__Provided records__
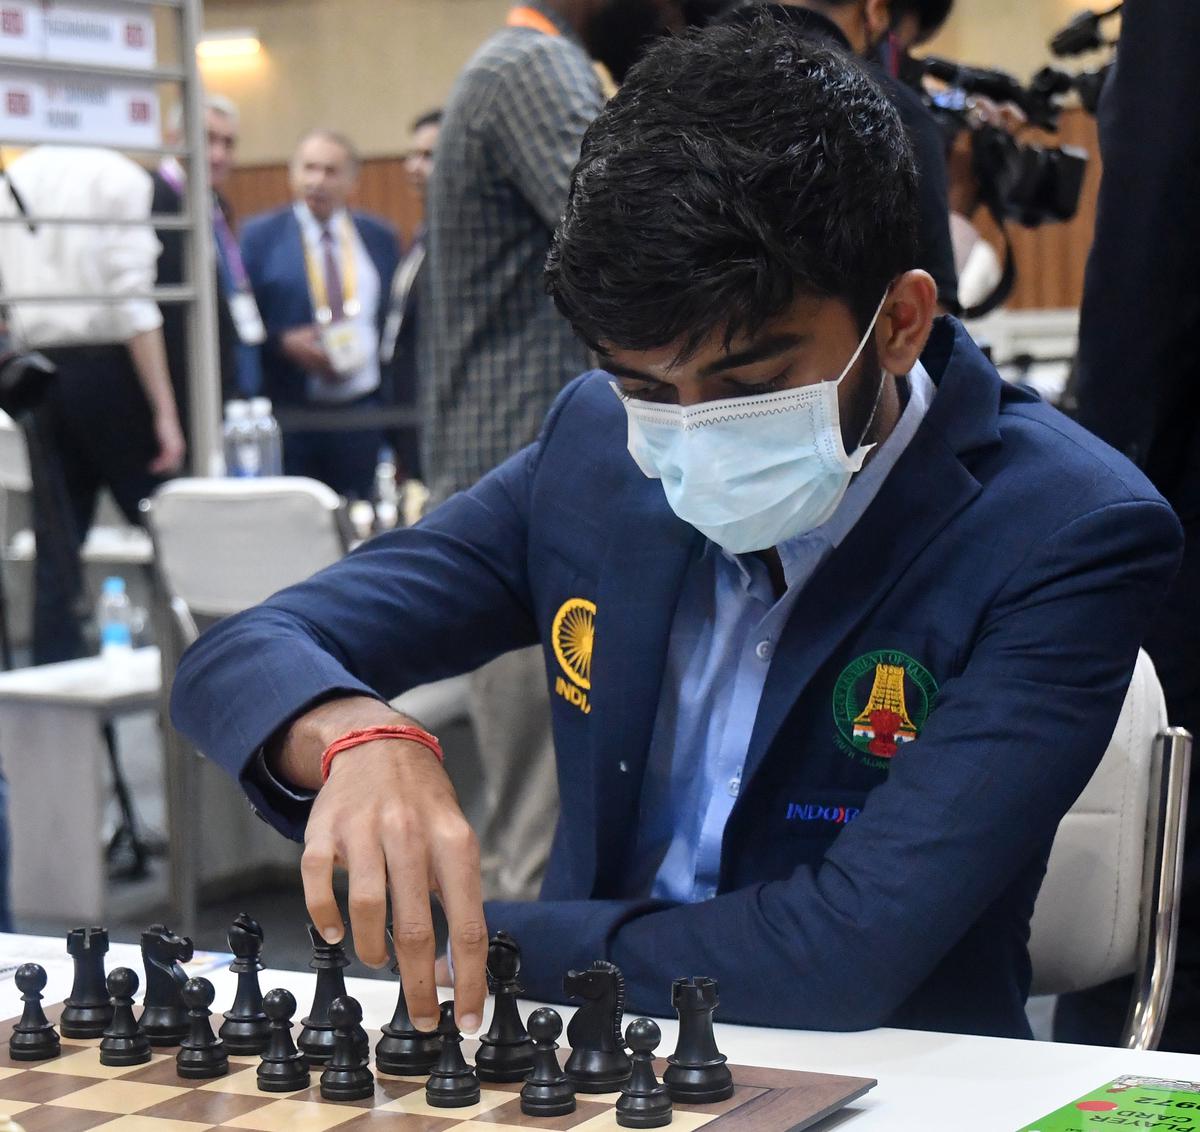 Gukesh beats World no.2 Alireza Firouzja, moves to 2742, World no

==

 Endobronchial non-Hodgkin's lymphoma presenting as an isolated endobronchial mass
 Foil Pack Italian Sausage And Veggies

__Assignment__
Output exactly the lines of the material above from the one containing "Endobronchial non-Hodgkin's lymphoma" up to and including the one containing "Foil Pack Italian Sausage And Veggies".

__Your response__
 Endobronchial non-Hodgkin's lymphoma presenting as an isolated endobronchial mass
 Foil Pack Italian Sausage And Veggies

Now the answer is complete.